Data provided |
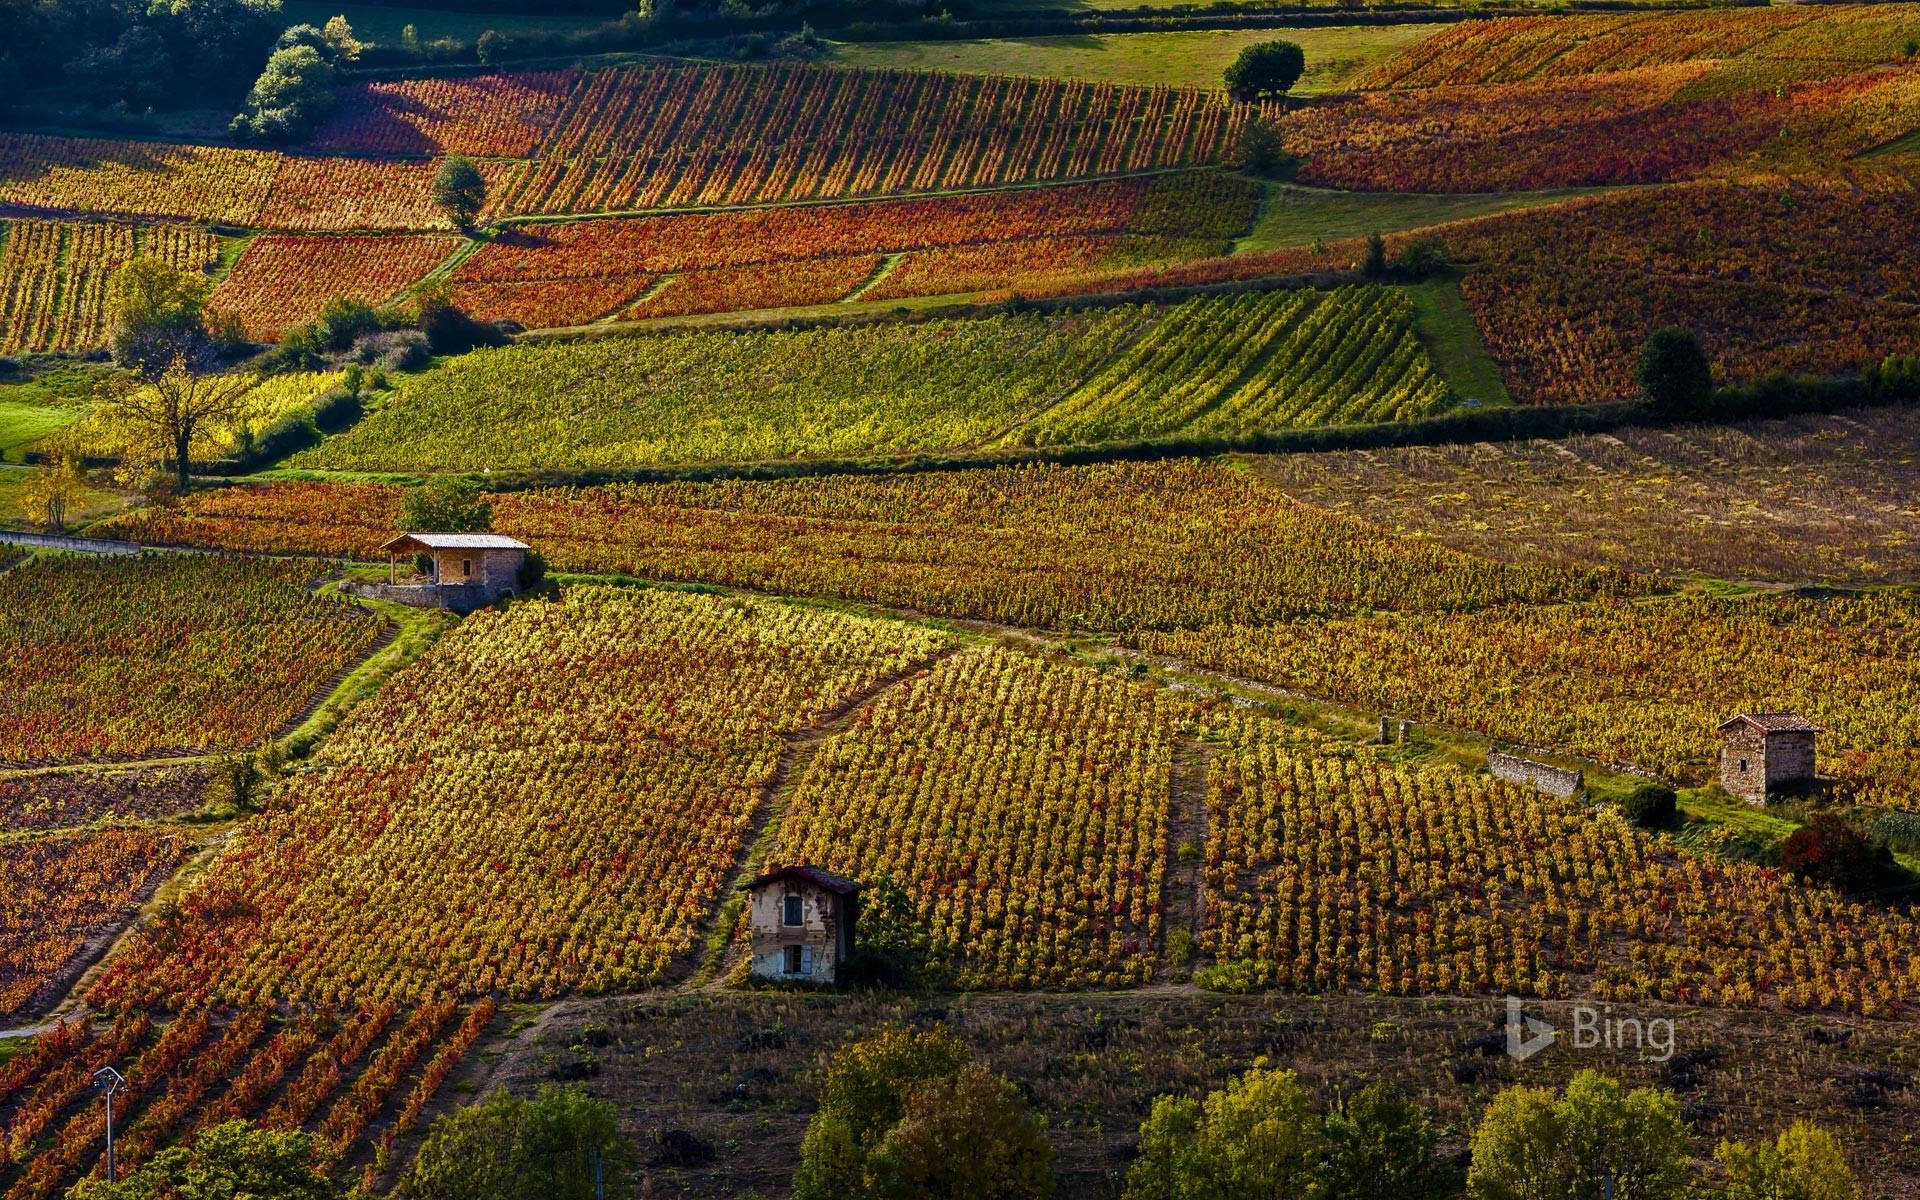 Vineyards near Beaujeu, Rhône, France
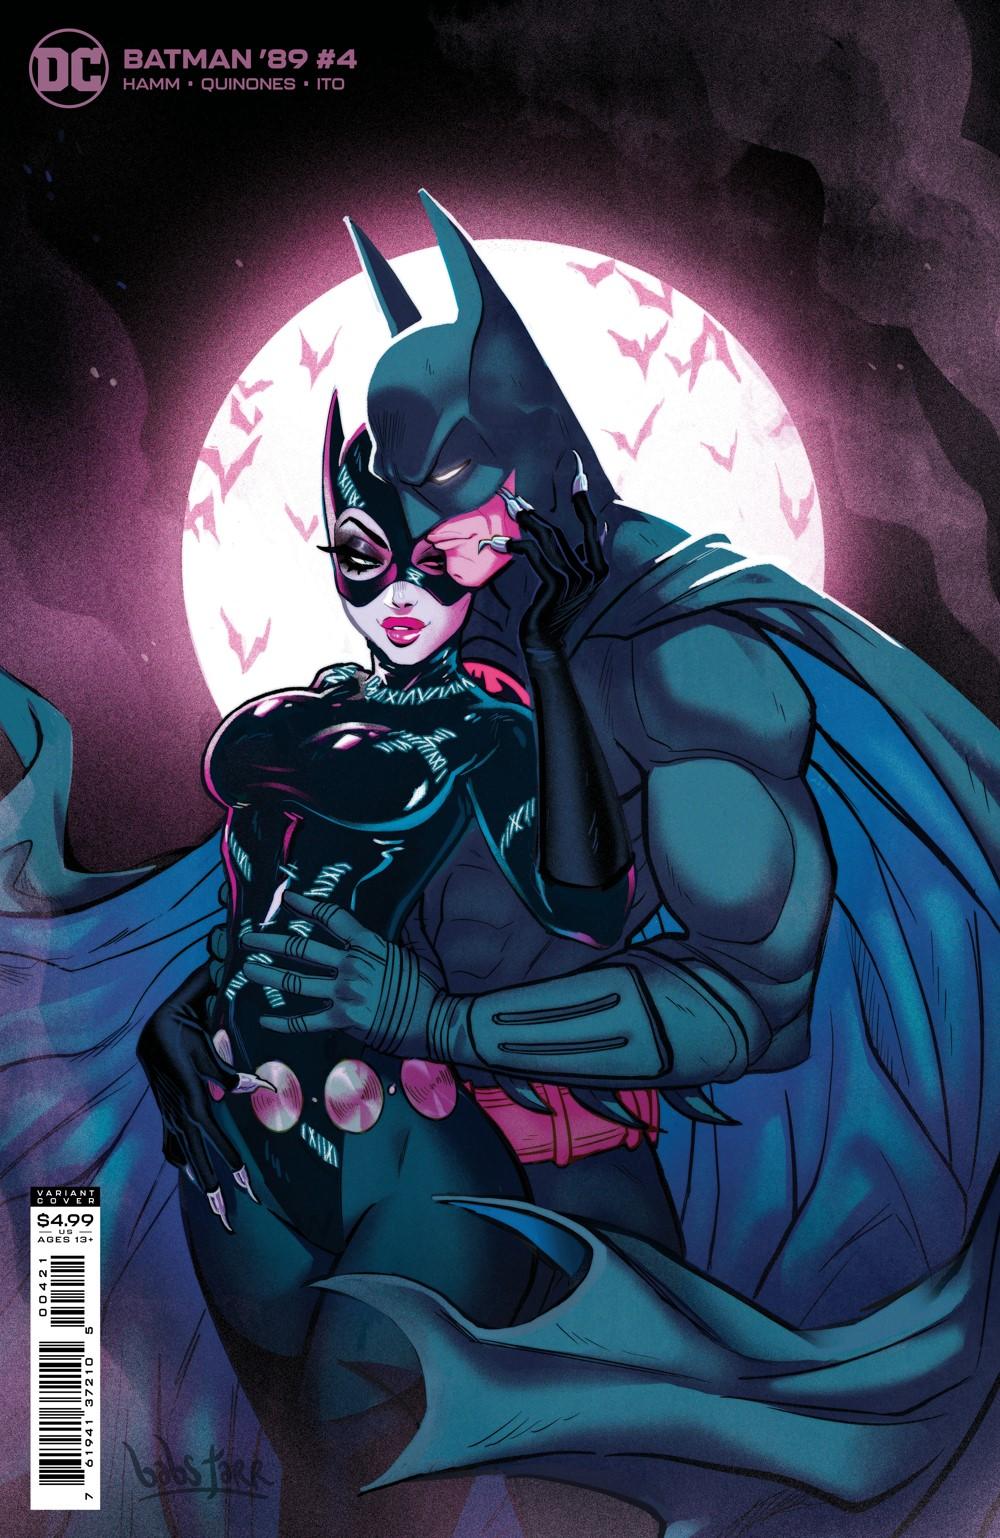 BM89_Cv4_var_00421 DC Comics November 2021 Solicitations
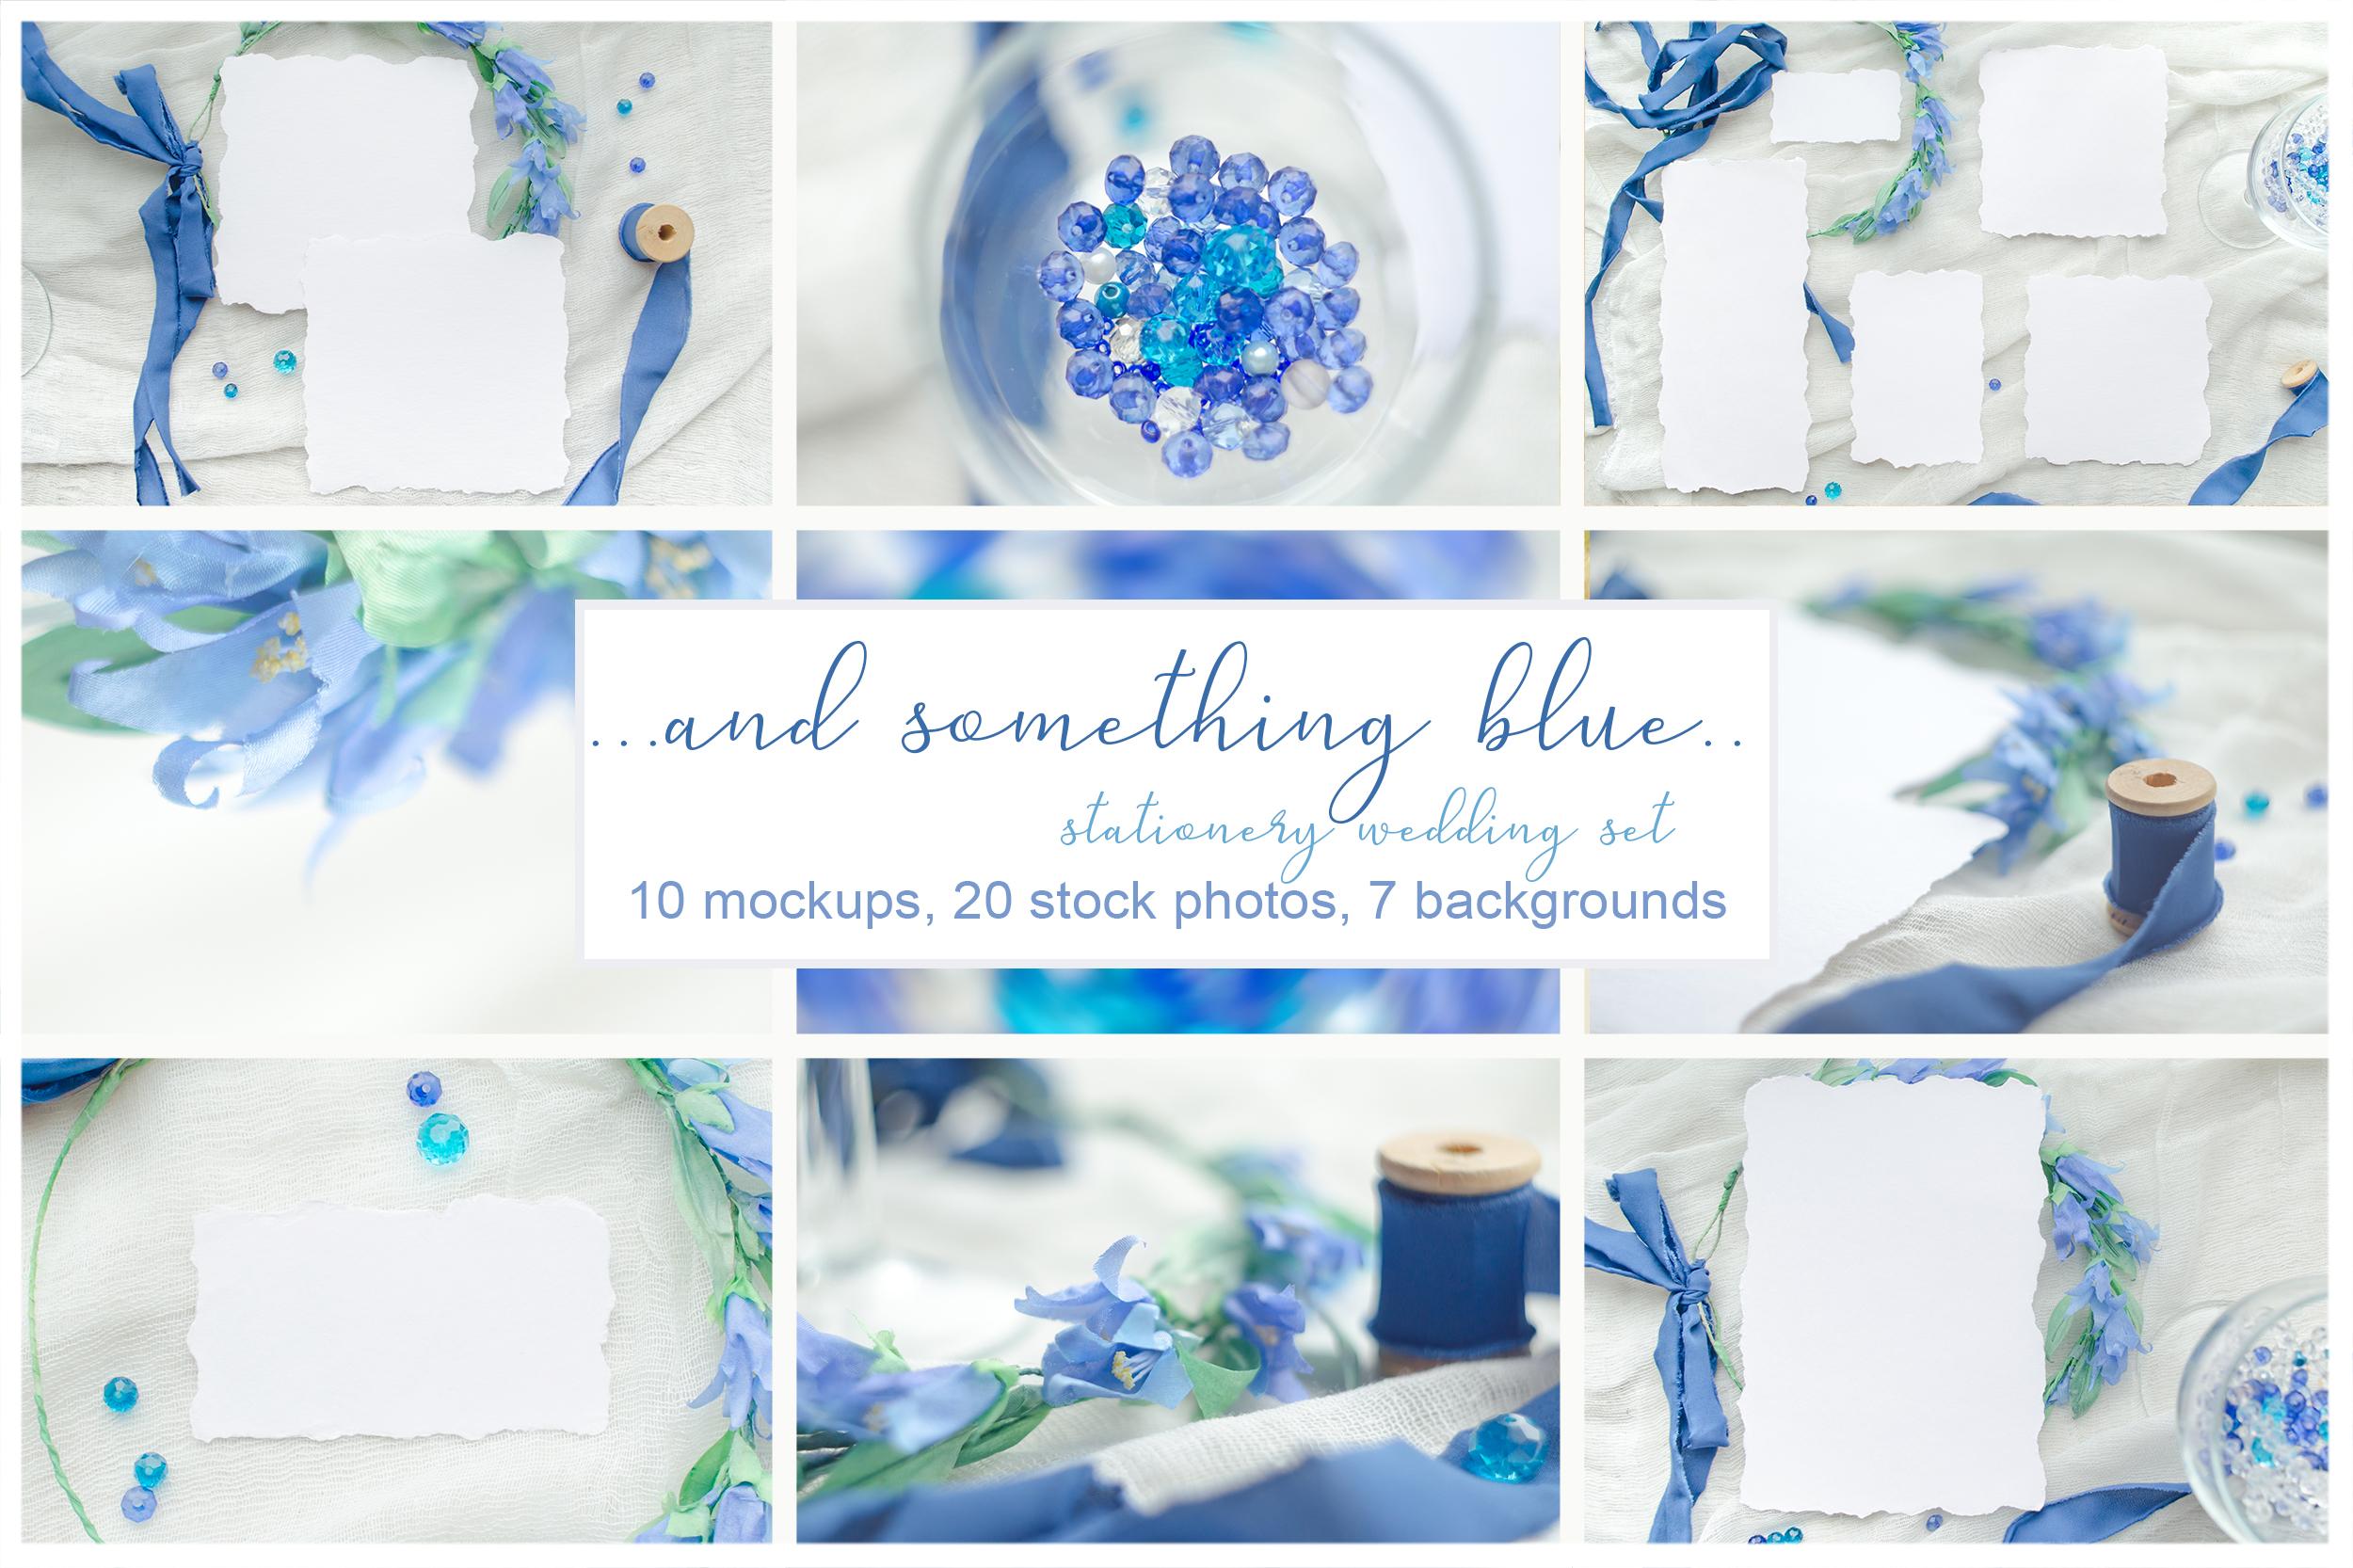 Something blue. Wedding mockups & stock photo bundle example image 1

Assigned task | Every line above should be copied exactly; do not carry over the pictures.

Result of the task |
 Vineyards near Beaujeu, Rhône, France
 BM89_Cv4_var_00421 DC Comics November 2021 Solicitations
 Something blue. Wedding mockups & stock photo bundle example image 1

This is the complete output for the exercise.